We show below a synchronous split transaction bus system employing centralized arbitration. There are two processors (P0 and P1) and two storage devices (S0 and S1). For the sake of simplicity, we assume that processors will only **read** data from the the storage devices.



## Arbitration

There are two arbitration units, Processor Arbitration Unit(PrAU) and Storage Device Arbitration Unit(SAU). PrAU arbitrates the *addr\_p* bus across P0 and P1. SAU arbitrates the data bus across S0 and S1. This allows one processor to request a transfer while the other processor is receiving data. P0 has higher priority than P1 and S0 has higher priority than S1.

## **Data Transfer**

The following is how a transfer between Processor i (Pi) and Storage Device j (Sj) proceeds:

- 1. When P*i* needs data from S*j*, it asserts the Bus Request signal (PBR*i*). Upon receiving the Bus Grant signal (PBG*i*) from the PrAU, the controller asserts the starting address on *addr\_p*, the *Vaddr* (valid address signal, not shown in the figure), number of elements to be transfered on signal *length\_p* (*Count*), and its Id (*i* in this case) on *id\_p* signal. P*i* now waits for data from S*j*.
- 2. When S*j* sees an address that lies in its address range with *Vaddr* asserted, it latches the address, length, and Id and starts processing the request.

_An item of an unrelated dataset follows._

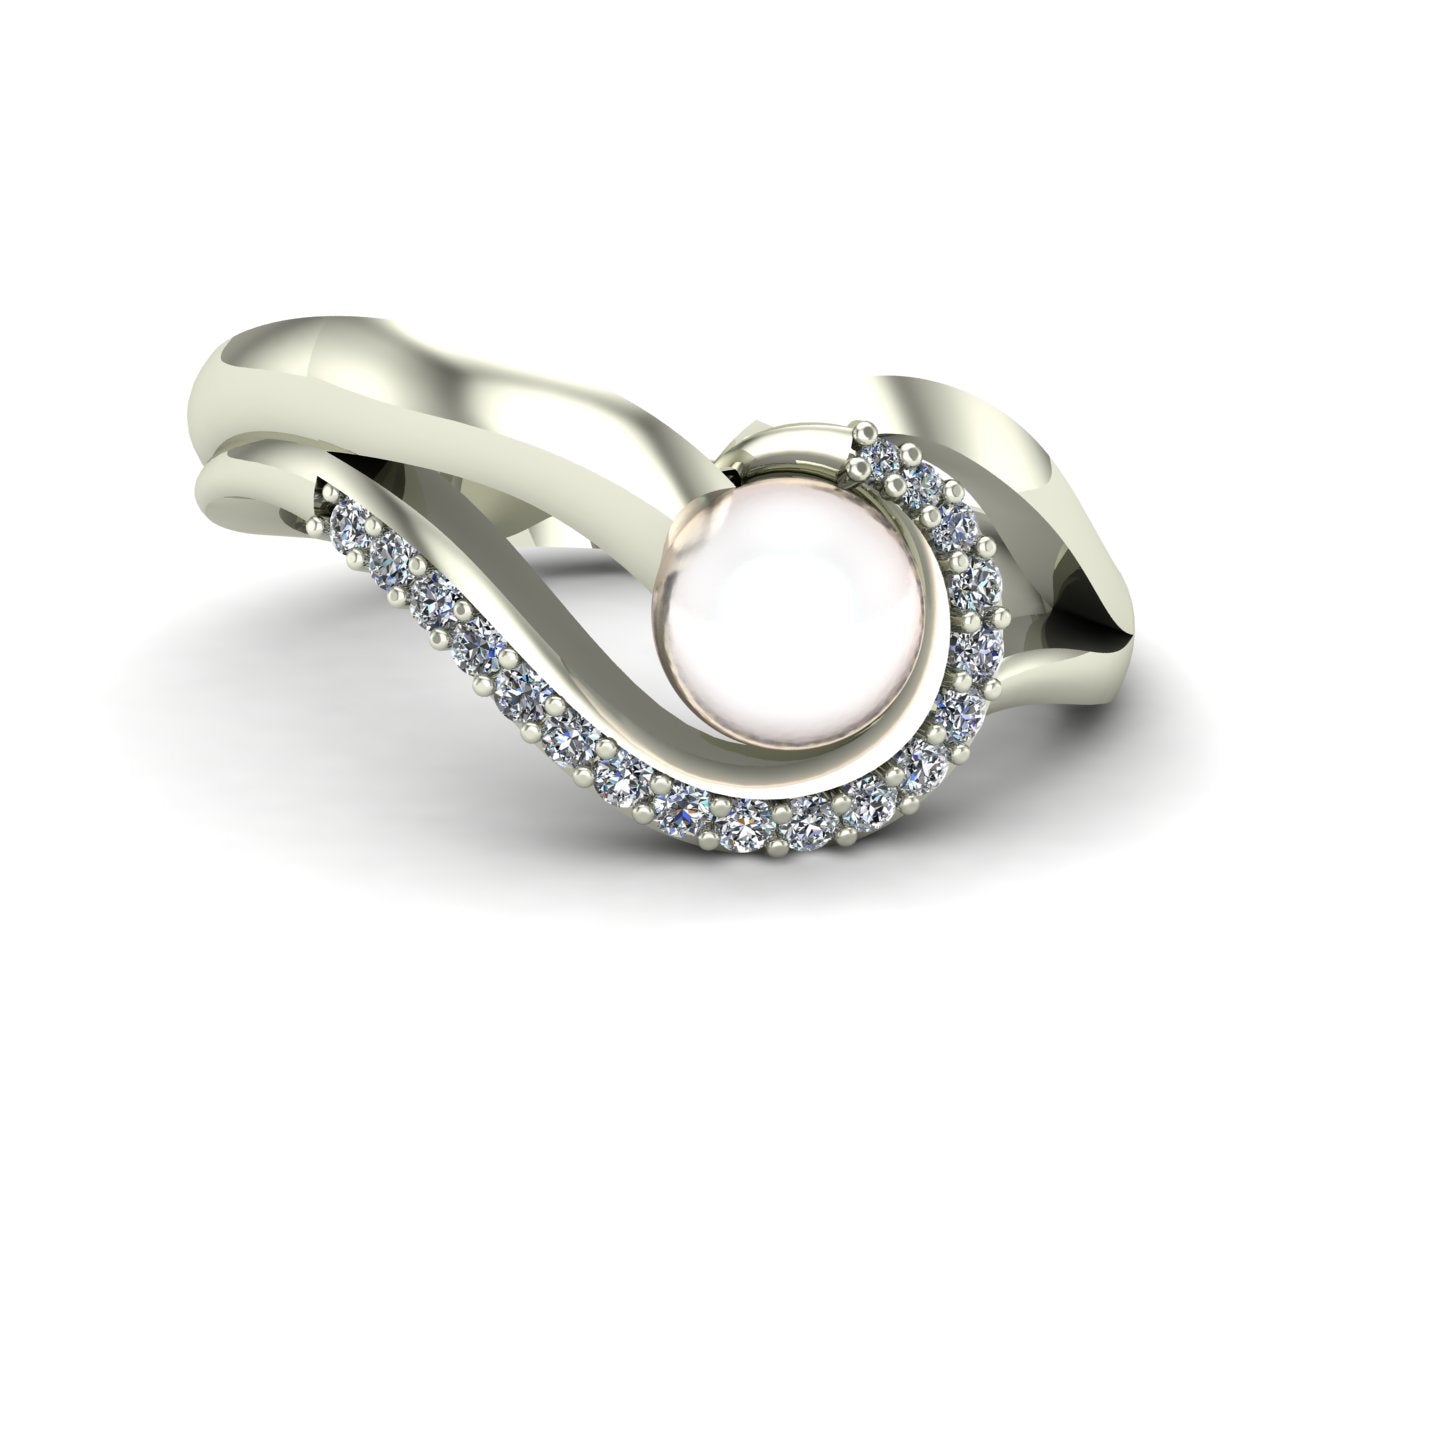 pearl and diamond swirl ring in 14k white gold - Charles Babb Designs - top view

- 3. When S*j* is ready to return a data element, it asserts SBR*j* and upon receiving the Grant signal (SBG*j*), it asserts data on *data\_s*, the Id of the processor that requested the data on *id\_s* and the *Vid* (valid id signal, where *Vid* = SBG0 OR SBG1, not shown in the figure). It also decrements its *Count* of the remaining elements. The SBG*j* signal grants the bus to S*j* for a *single* cycle.
- 4. When Pi sees its Id on id\_s with Vid signal asserted, it latches the data element and decrements its Count.
- 5. Pi and Sj cycle through steps 3 and 4 until Count reaches 0.

The device and controller synchronize using the *Dev* and *Ready* signals. When a transfer needs to be carried out the *Dev* signal is asserted. The availability of valid data is indicated by asserting the *Ready* signal.

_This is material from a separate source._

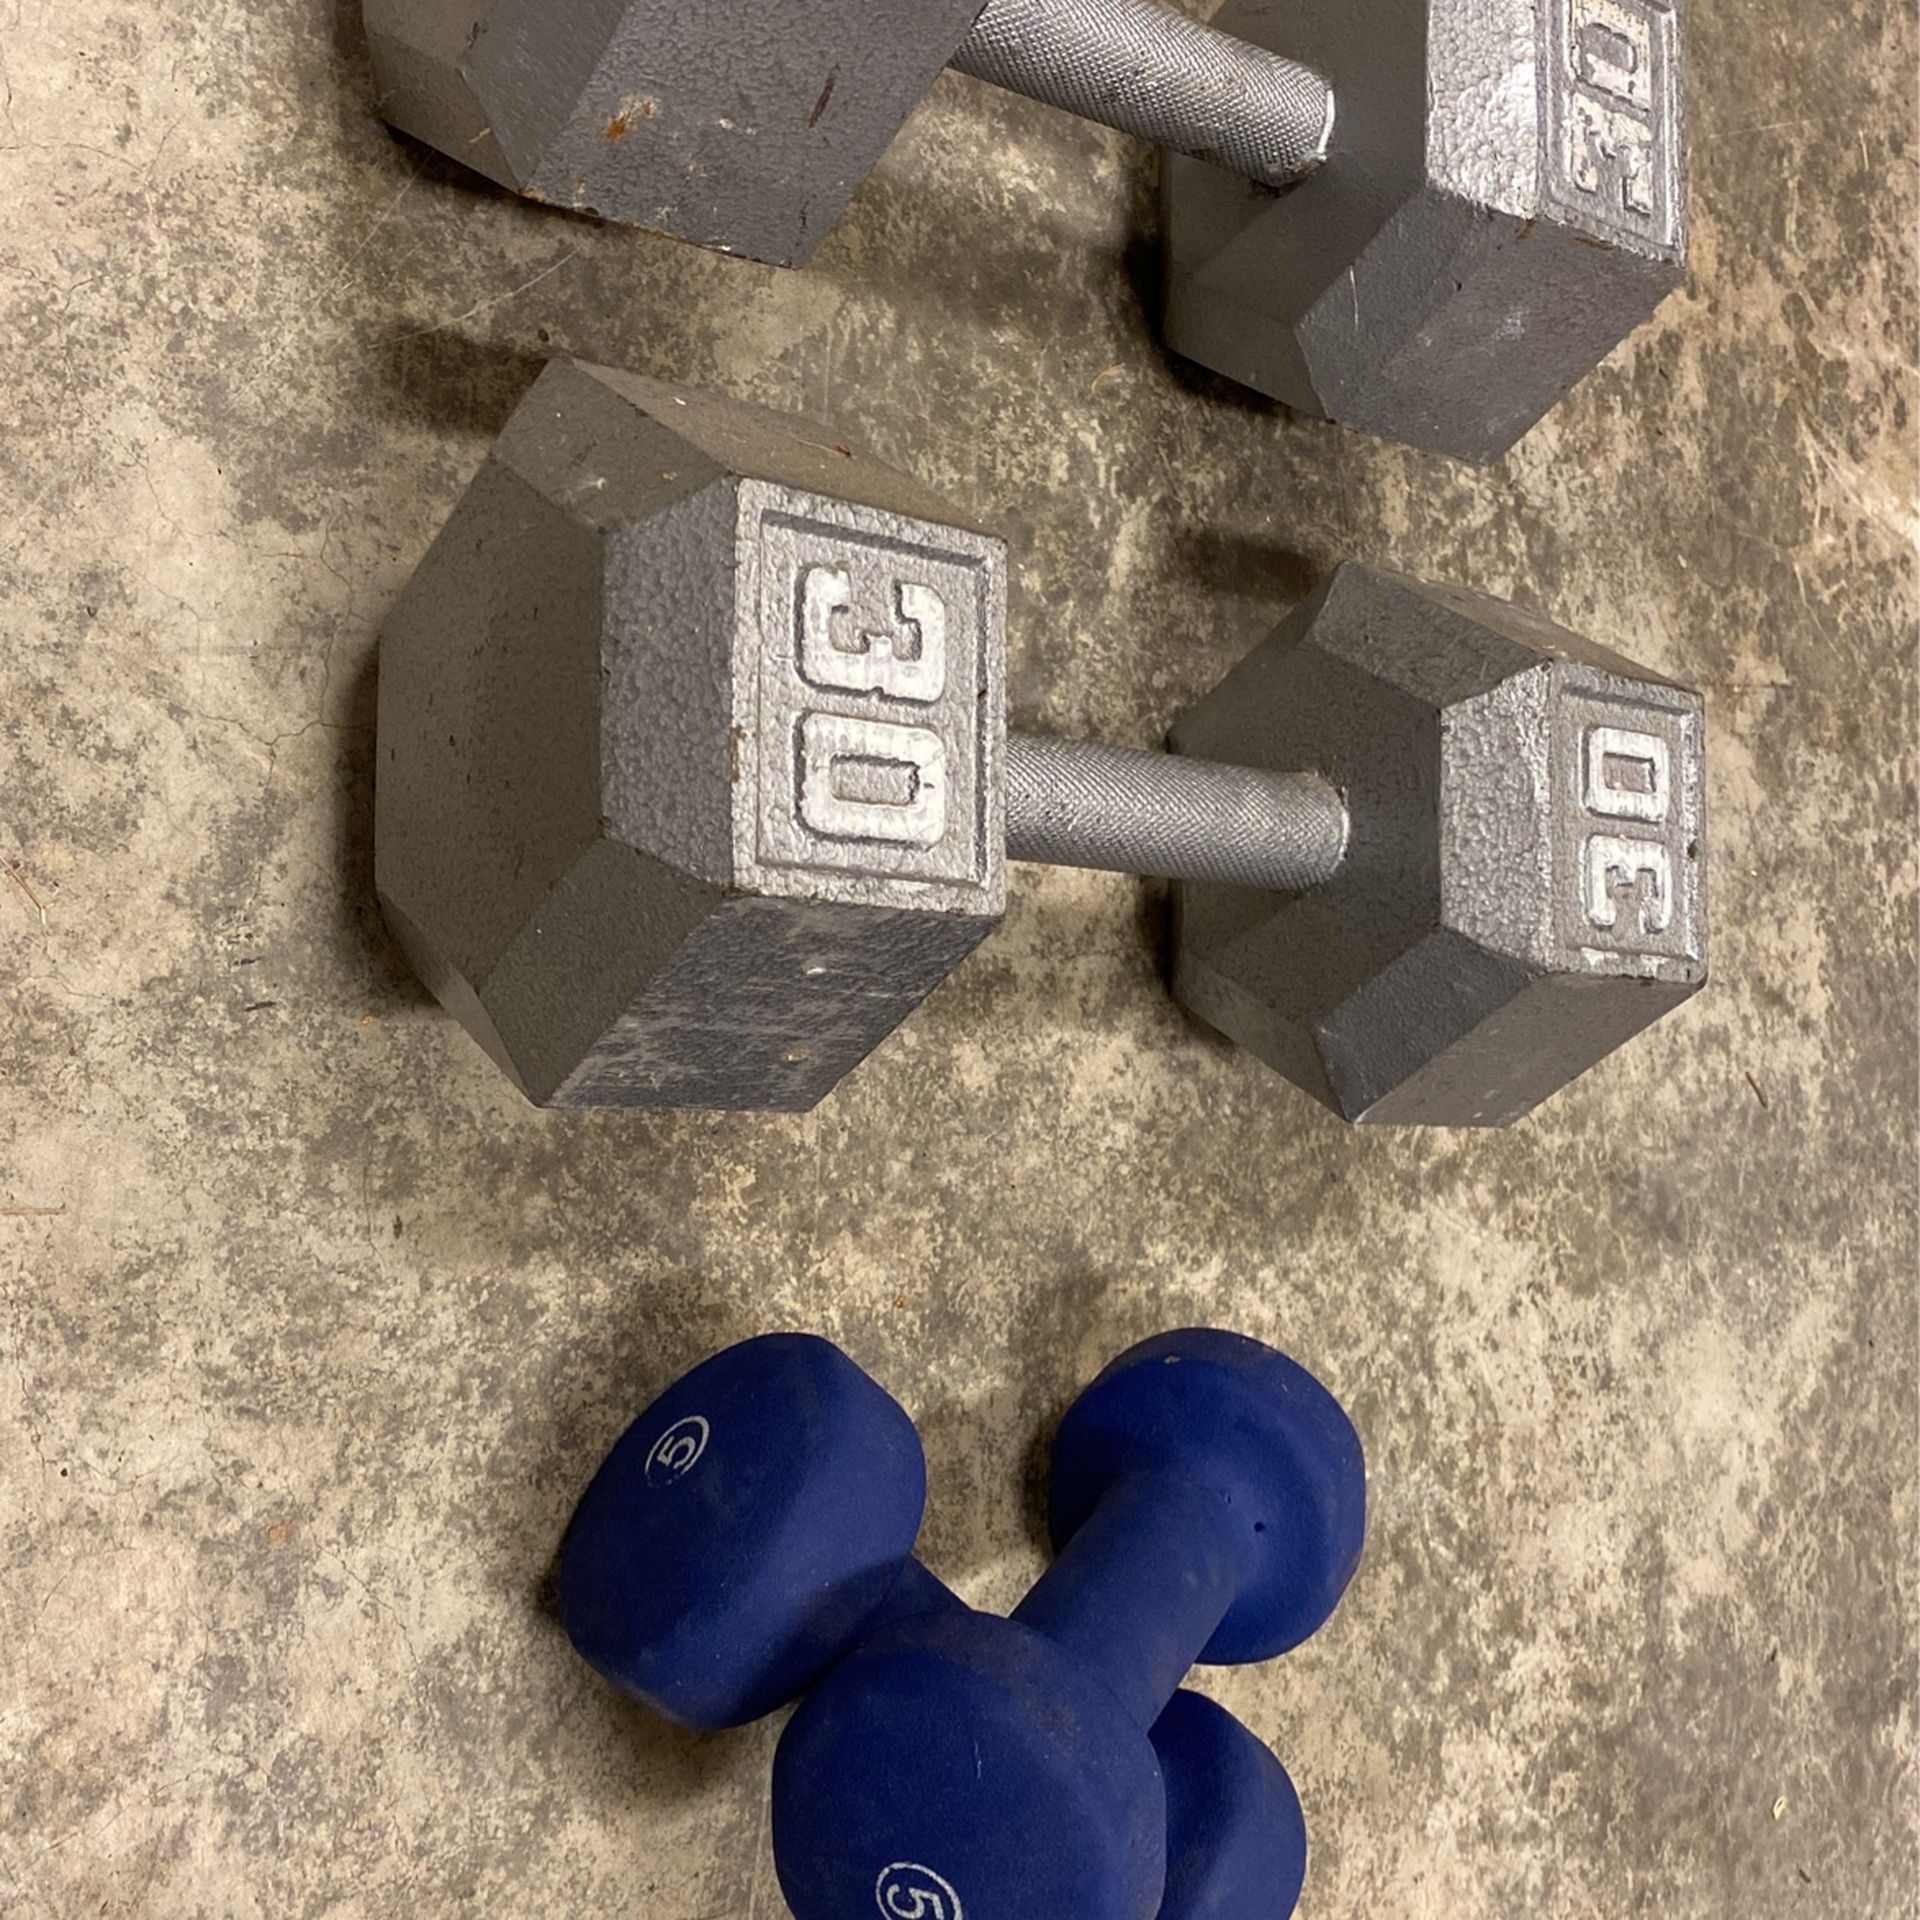 Weights Dumbbells 2x30lbs And 2x5lbs

Note: for the sake of simplicity, assume each processor can have only one pending transfer. Each storage controller can buffer up to two requests since each processor could have one pending transfer from a given storage.

- 1. Construct the state machine for the processor controller P*i*. Show relevant inputs and outputs on all arcs. (Remember that the controller keeps track of the number of data transfers completed in a *Count* register.)
- 2. Assume that the controller consists of a state machine and a two-entry buffer:



Whenever the storage controller is requested on the bus, the buffer stores the *id\_p*, *length\_p*, and *addr\_p* bus signals. The *req* output of the buffer indicates that at least one request is awaiting service in the buffer. The *id*, *length*, and *addr* signals are the buffered bus signals of the oldest buffered bus request. The *done* input tells the buffer to clear the oldest buffered request.

Draw the state diagram for the state machine in the figure above. Show relevant inputs and outputs on all arcs.